__INFORMATION PROVIDED__:
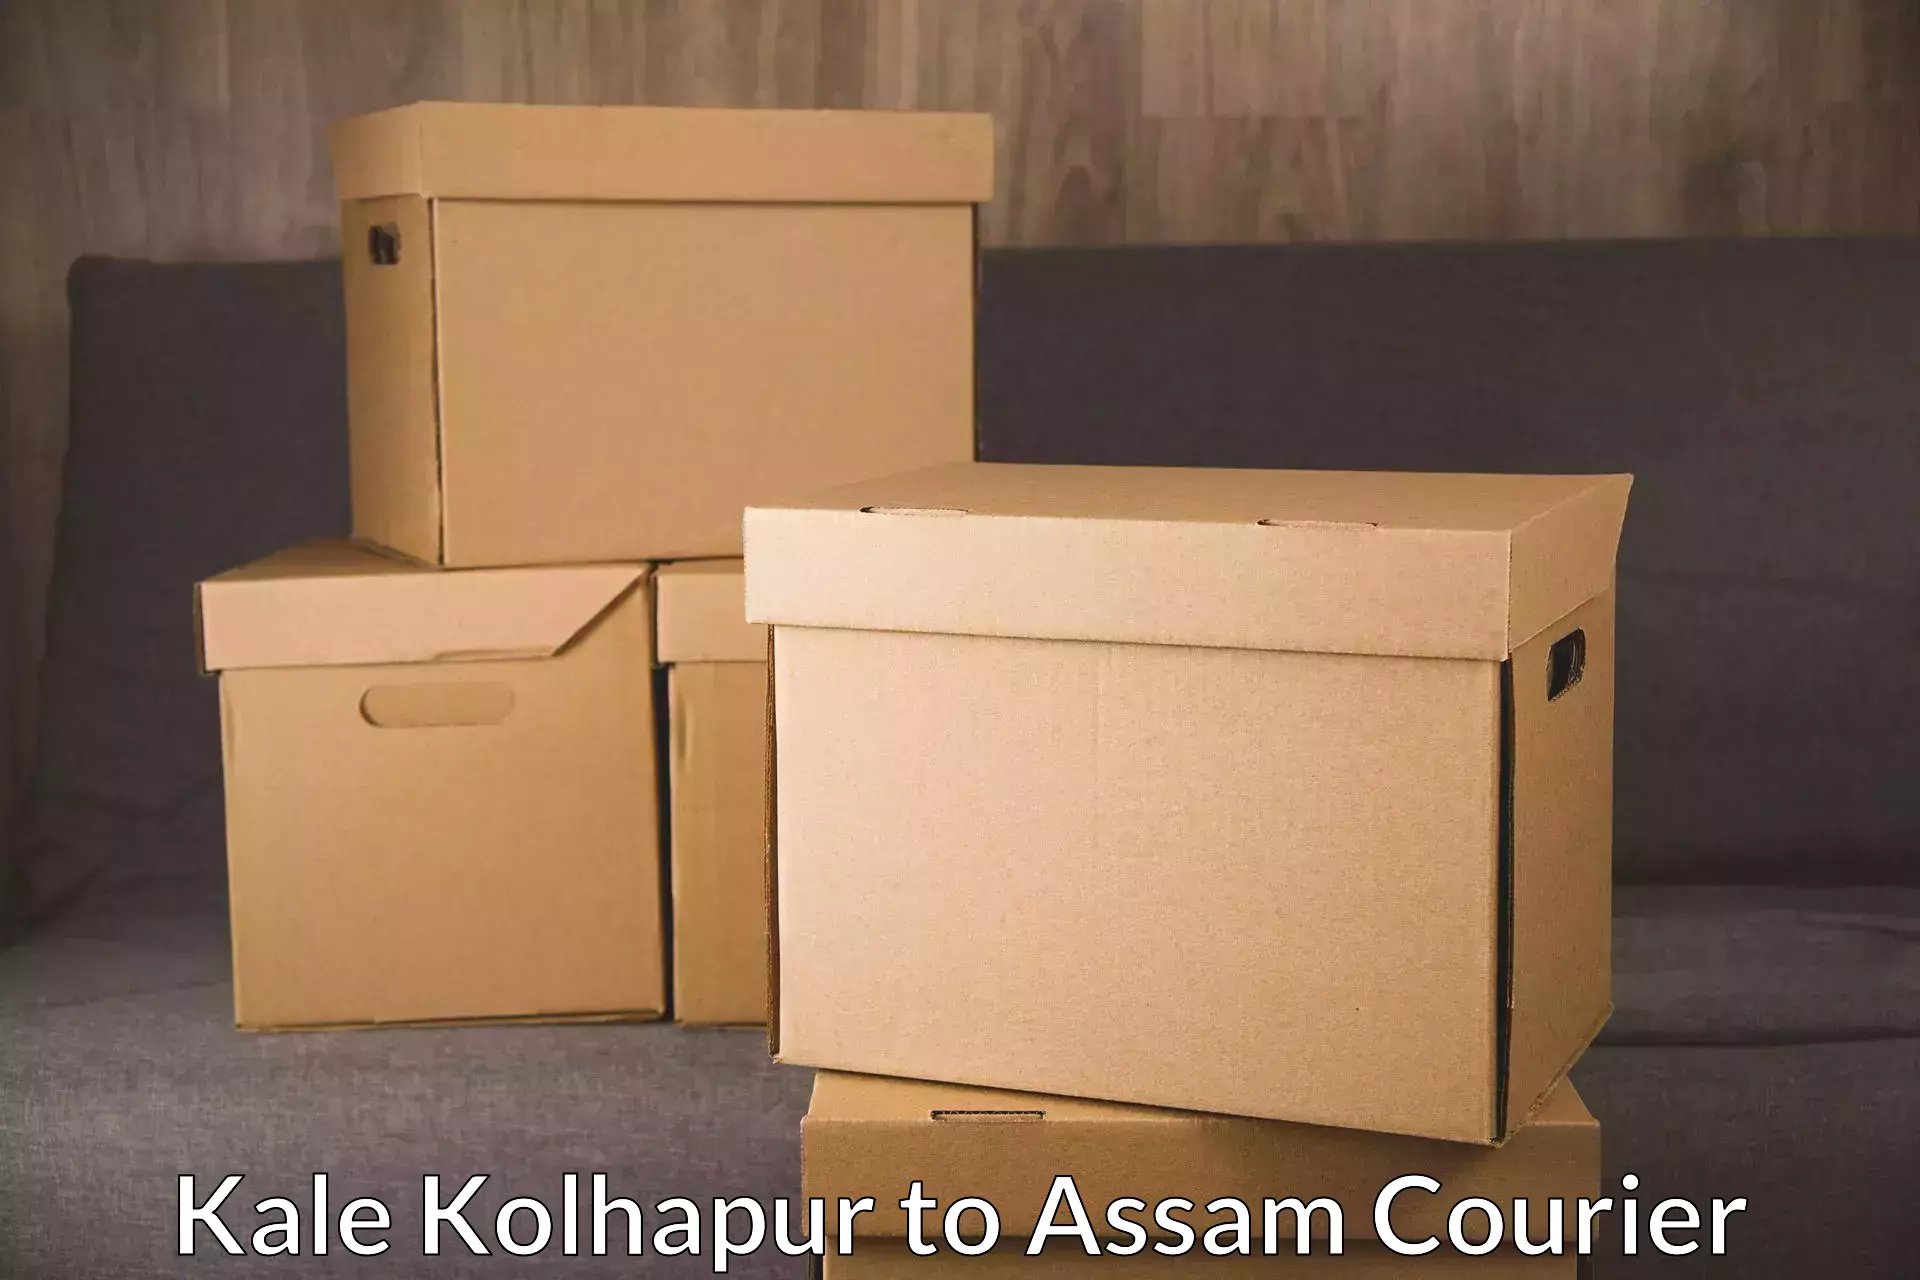 Professional courier handling Kale Kolhapur to IIIT Guwahati
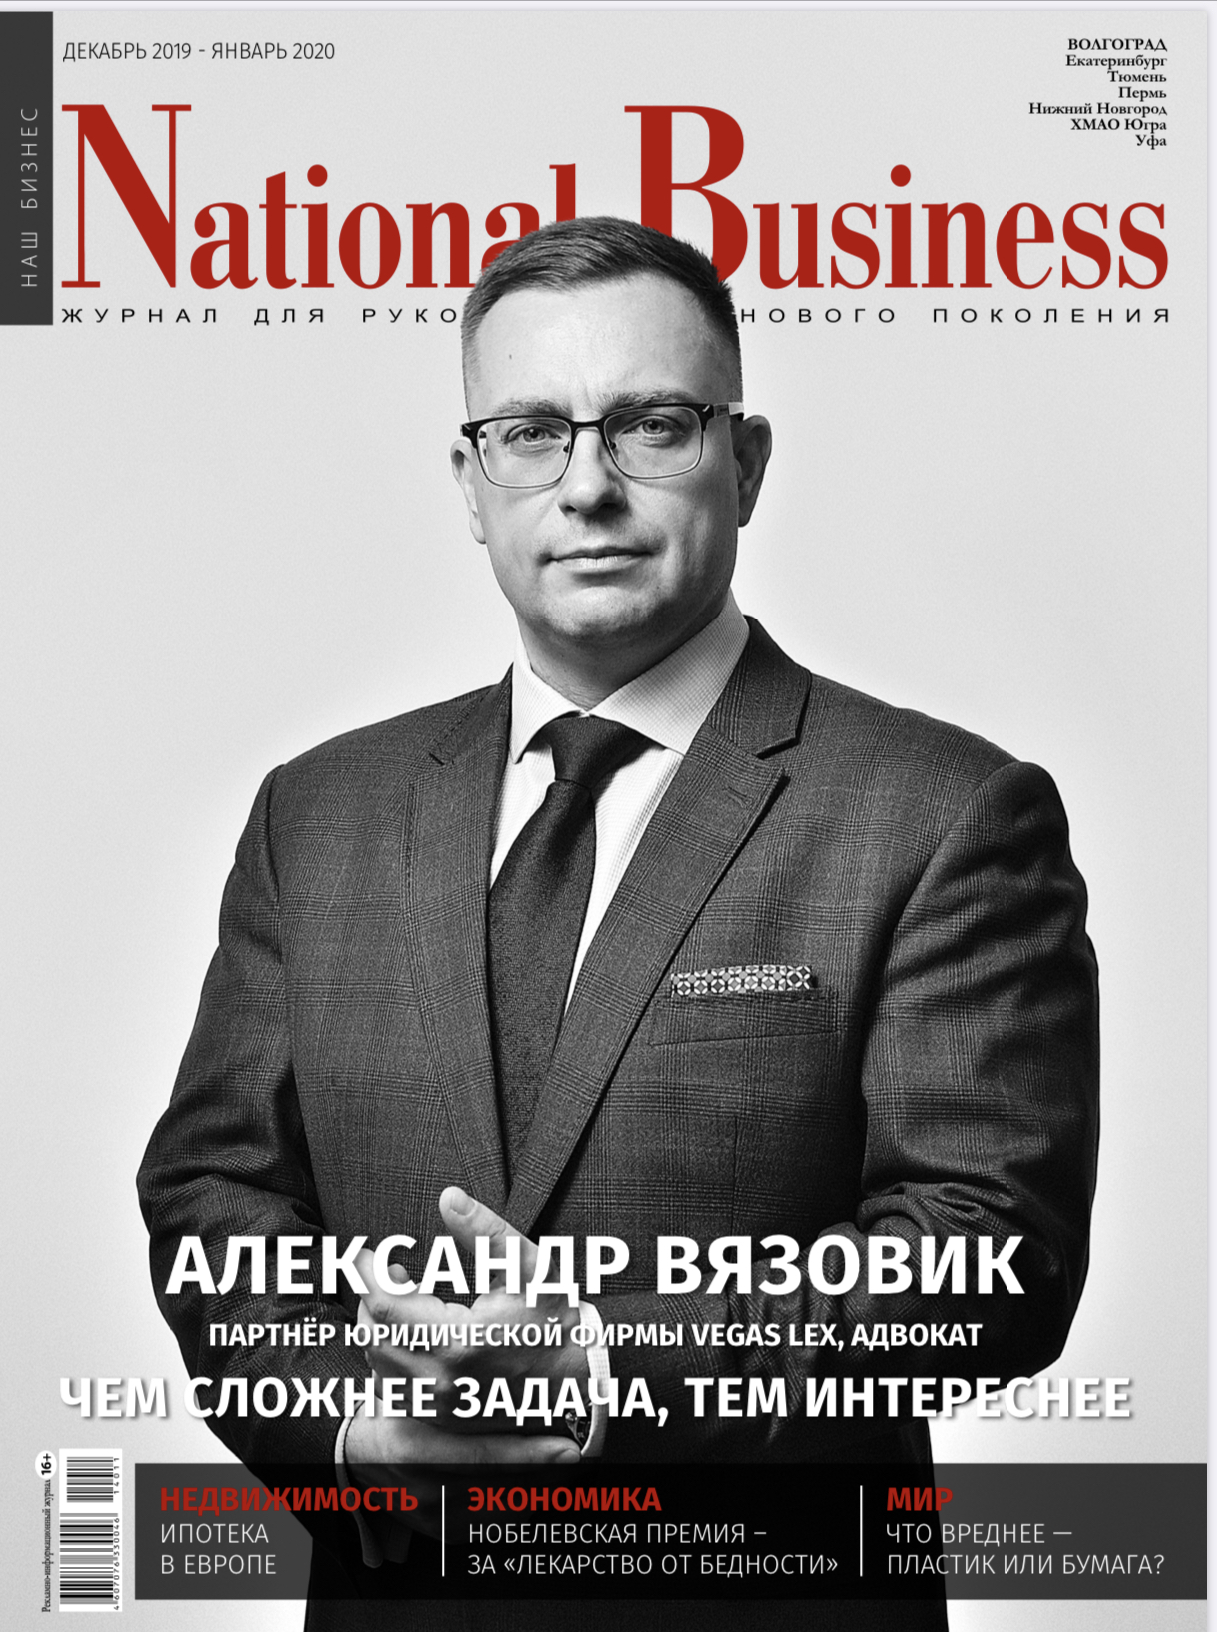 Обложка_National Business.jpg
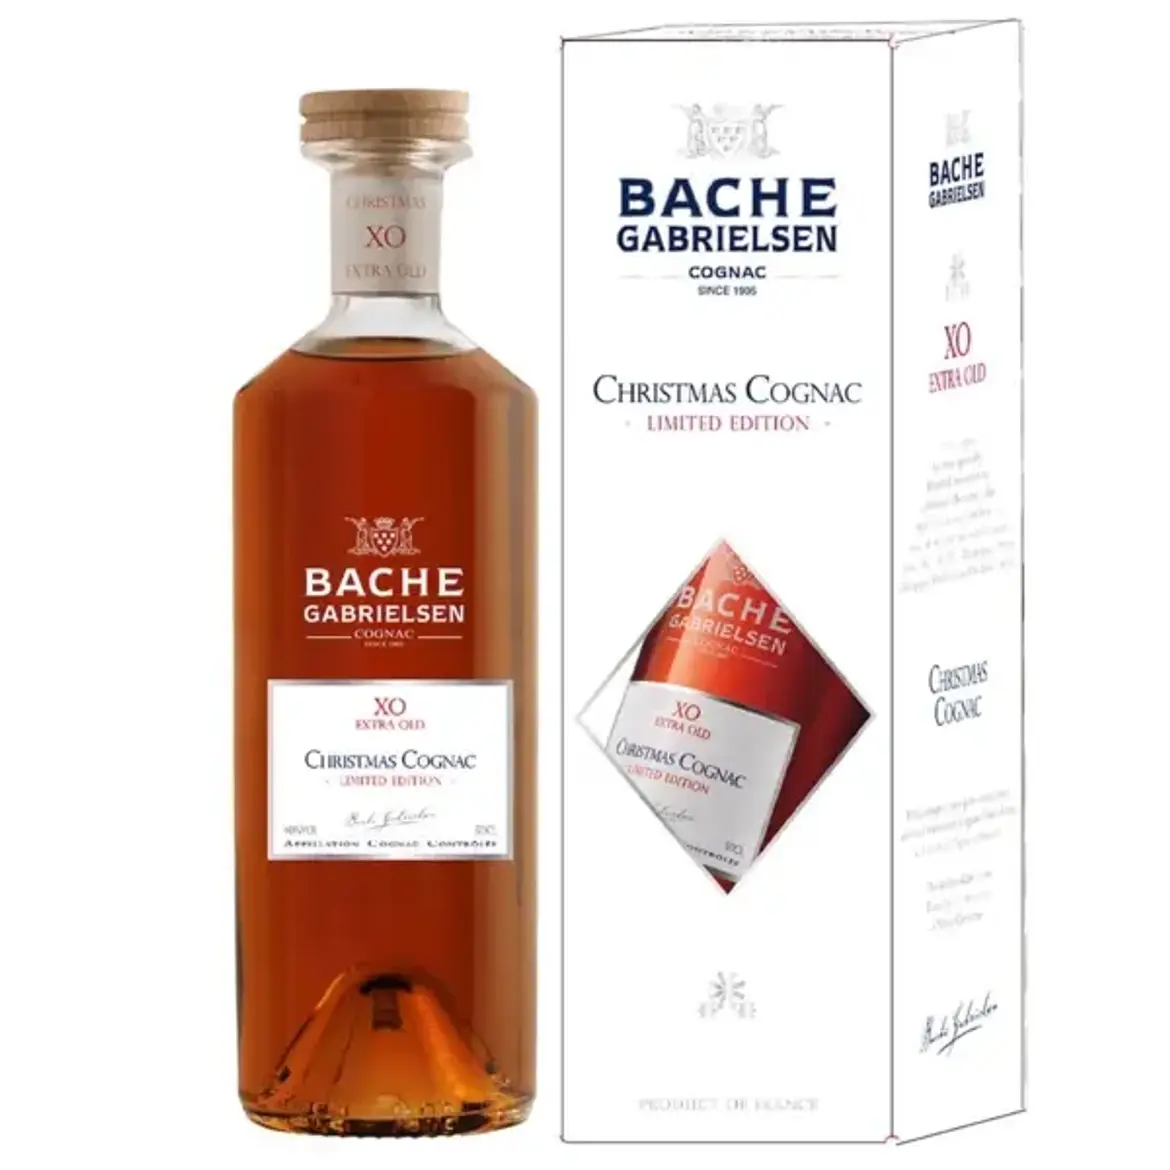 Bache Gabrielsen Christmas XO cognac 40%

__TASK INSTRUCTIONS__: Extract all the data above exactly, excluding every picture.

__RESPONSE AREA__:
 Professional courier handling Kale Kolhapur to IIIT Guwahati
 Обложка_National Business.jpg
 Bache Gabrielsen Christmas XO cognac 40%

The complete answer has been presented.